4.4. Impact of Different Training Data Sources

To understand the generalizability and data dependency of RS-ZeroSeg, we investigated the impact of training our model on various publicly available remote sensing datasets, comparing their effectiveness against our chosen LandDiscover50K. Figure 3 summarizes these findings.
The results in Figure 3 clearly indicate that training on LandDiscover50K yields significantly superior performance compared to other remote sensing datasets. This highlights the importance of using a large, diverse, and well-annotated dataset for training robust OVRSISS models. LandDiscover50K’s rich scene content and comprehensive category coverage appear to be crucial for RS-ZeroSeg to learn generalizable visual-language correspondences and domain-specific features, leading to much better performance on unseen evaluation datasets.

4.5. Analysis of Partial Freezing Strategies

The effectiveness of pre-trained Vision-Language Models (VLMs) and domain-specific remote sensing backbones heavily relies on appropriate fine-tuning strategies. We conducted an in-depth analysis of different partial freezing policies for the CLIP backbone (VLM stream) and the Remote Sensing Image (RSI) backbone (remote sensing contextual stream) within our DSFE. The performance across various combinations is presented in Table 3.
In Table 3, "Freeze" means the entire backbone is frozen, "Full" means the entire backbone is fine-tuned, and "Attention" means only the attention layers of the backbone are fine-tuned. Our results indicate that the optimal strategy is to fine-tune only the attention layers of the CLIP backbone while keeping the RSI backbone frozen. This configuration achieves the highest average mIoU of 31.69%. This suggests that preserving the robust, domain-specific features learned by the frozen RSI backbone is crucial, while allowing the CLIP backbone’s attention mechanisms to adapt to the remote sensing domain and specific text queries enhances cross-modal alignment without catastrophic forgetting of general VLM knowledge. This delicate balance is key to maximizing performance in OVRSISS.

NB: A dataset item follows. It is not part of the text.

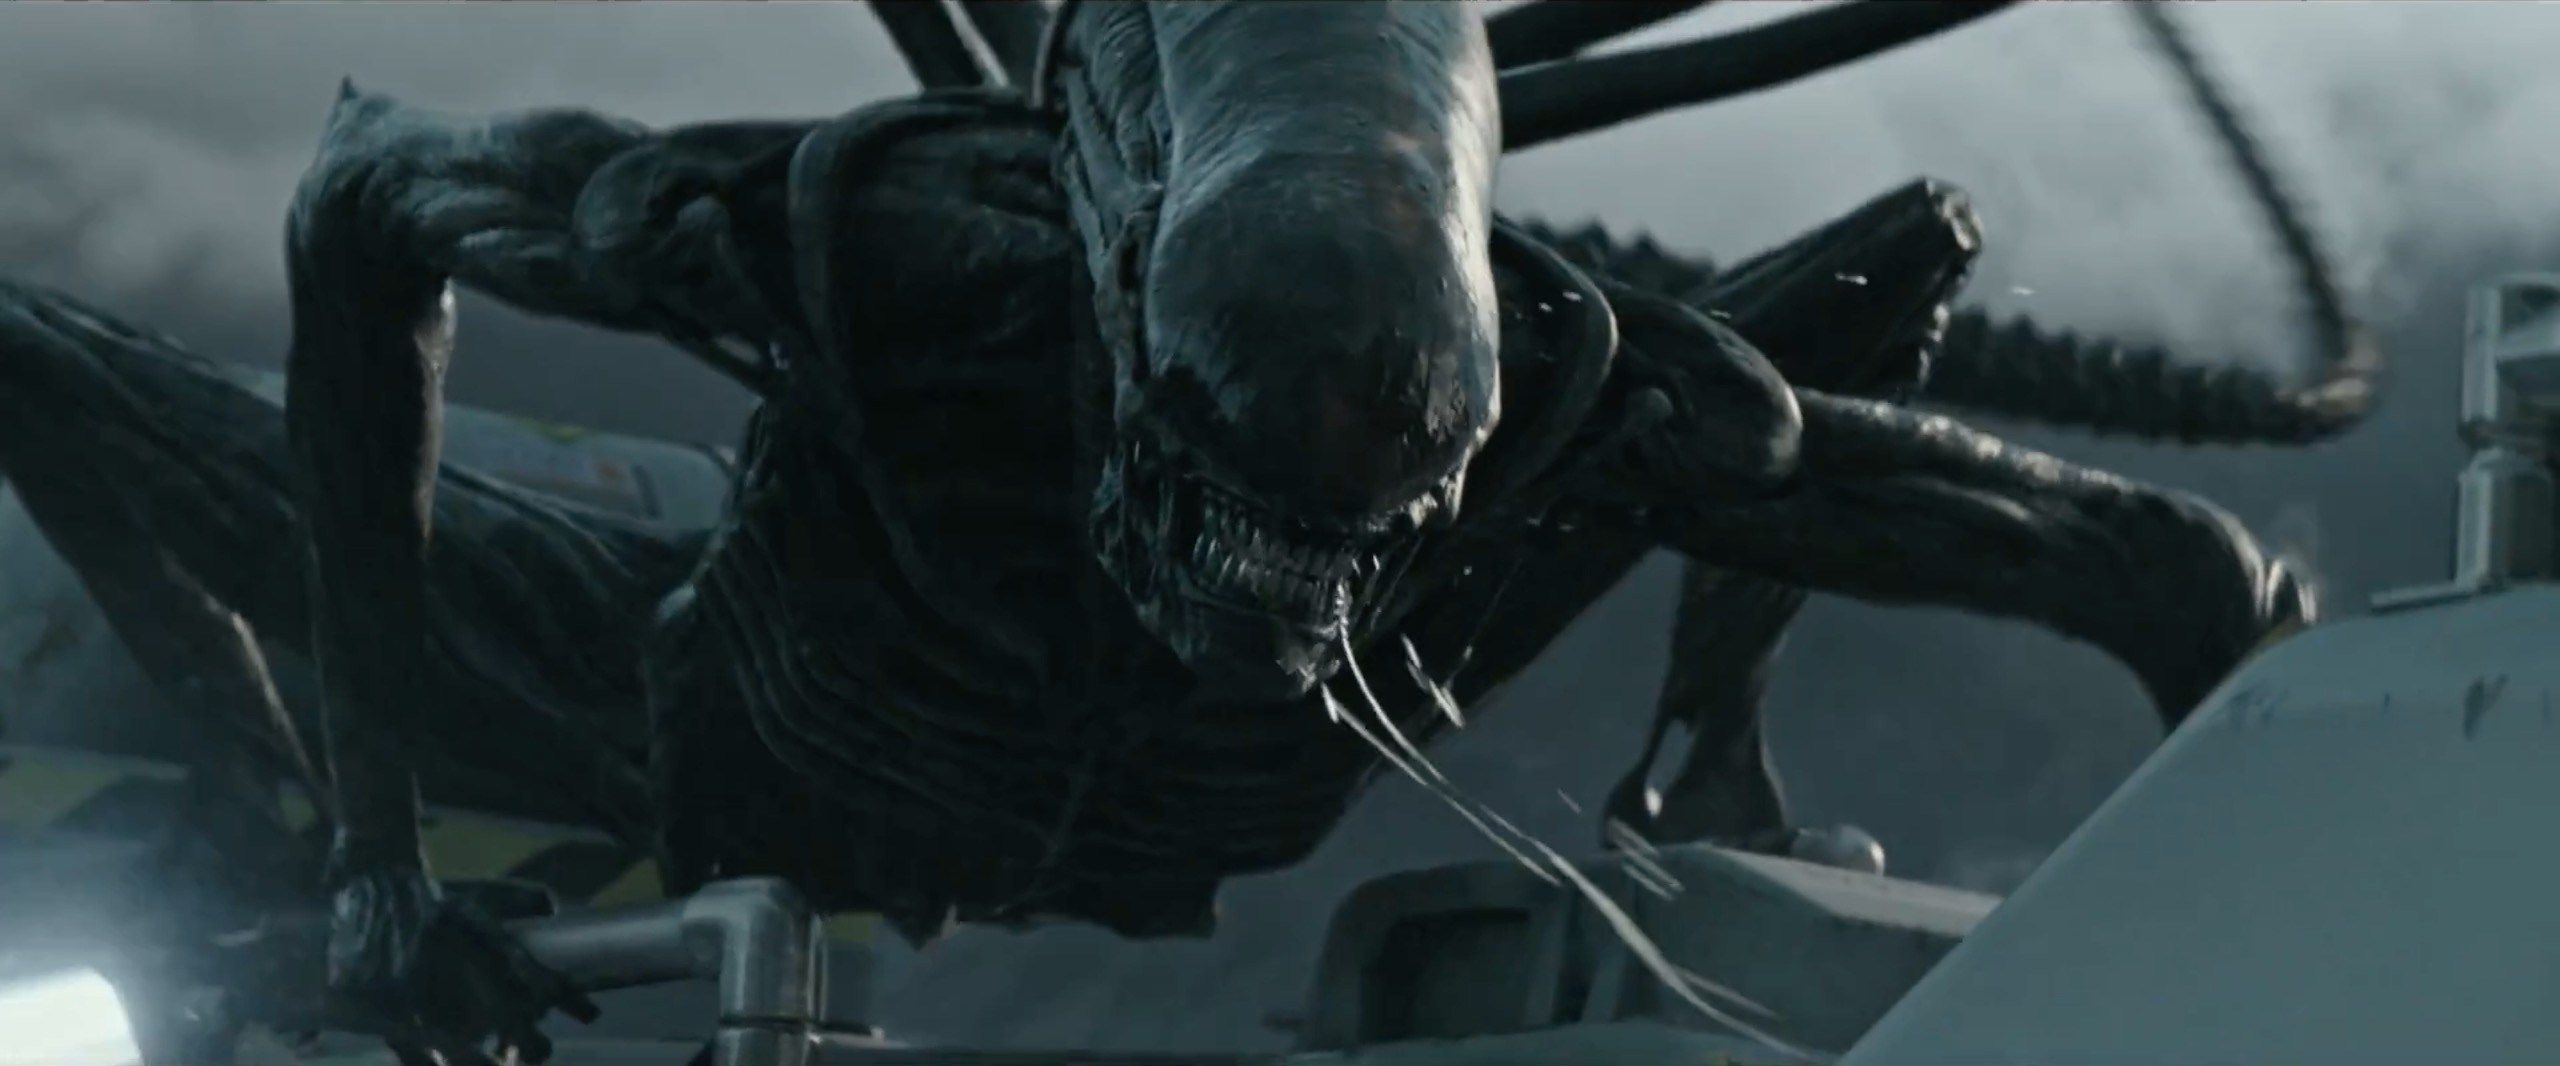 Tairgeann ‘Alien: Covenant’ Thrills Cheap, agus tá an chuid eile spás folamh

4.6. Generalization to Novel Categories

A crucial aspect of Open-Vocabulary Remote Sensing Image Semantic Segmentation (OVRSISS) is the model’s ability to generalize to categories not encountered during training. To rigorously evaluate this, we partitioned the categories within each evaluation dataset into "base" classes (present in LandDiscover50K) and "novel" classes (absent from LandDiscover50K). Table 4 presents RS-ZeroSeg’s performance on these two sets of categories.
As expected, RS-ZeroSeg demonstrates higher performance on base categories, which it has seen during training. However, the performance on novel categories, while lower, remains remarkably strong. For instance, on Potsdam and FloodNet, the mIoU for novel categories is still above 40%, indicating significant zero-shot generalization capabilities. This highlights the effectiveness of the VLM stream and the Category-Adaptive Refinement Head (CARH) in leveraging textual semantics to identify and segment unseen objects. The ability to effectively segment novel categories validates RS-ZeroSeg’s core design principle for open-vocabulary tasks in remote sensing.

4.7. Efficiency Analysis

Beyond segmentation accuracy, the computational efficiency of OVRSISS models is a critical factor for practical deployment, especially given the large size of remote sensing imagery. We analyze RS-ZeroSeg’s efficiency in terms of model parameters, Giga Floating Point Operations (GFLOPs), and inference speed, comparing it against the top-performing baseline, GSNet. All measurements are conducted on a single NVIDIA RTX 3090 GPU with an input image size of 512 × 512 pixels.
Figure 4 demonstrates that RS-ZeroSeg is not only more accurate but also more efficient than GSNet. Our model has fewer parameters (108.9M vs. 112.5M), requires fewer GFLOPs (332.8 vs. 350.2), and achieves a faster inference time (118 ms vs. 125 ms per image). This improved efficiency, coupled with superior performance, makes RS-ZeroSeg a more viable solution for real-world remote sensing applications where computational resources and processing speed are often constrained. The optimized architecture, particularly the refined feature fusion and attention mechanisms, contributes to this favorable balance.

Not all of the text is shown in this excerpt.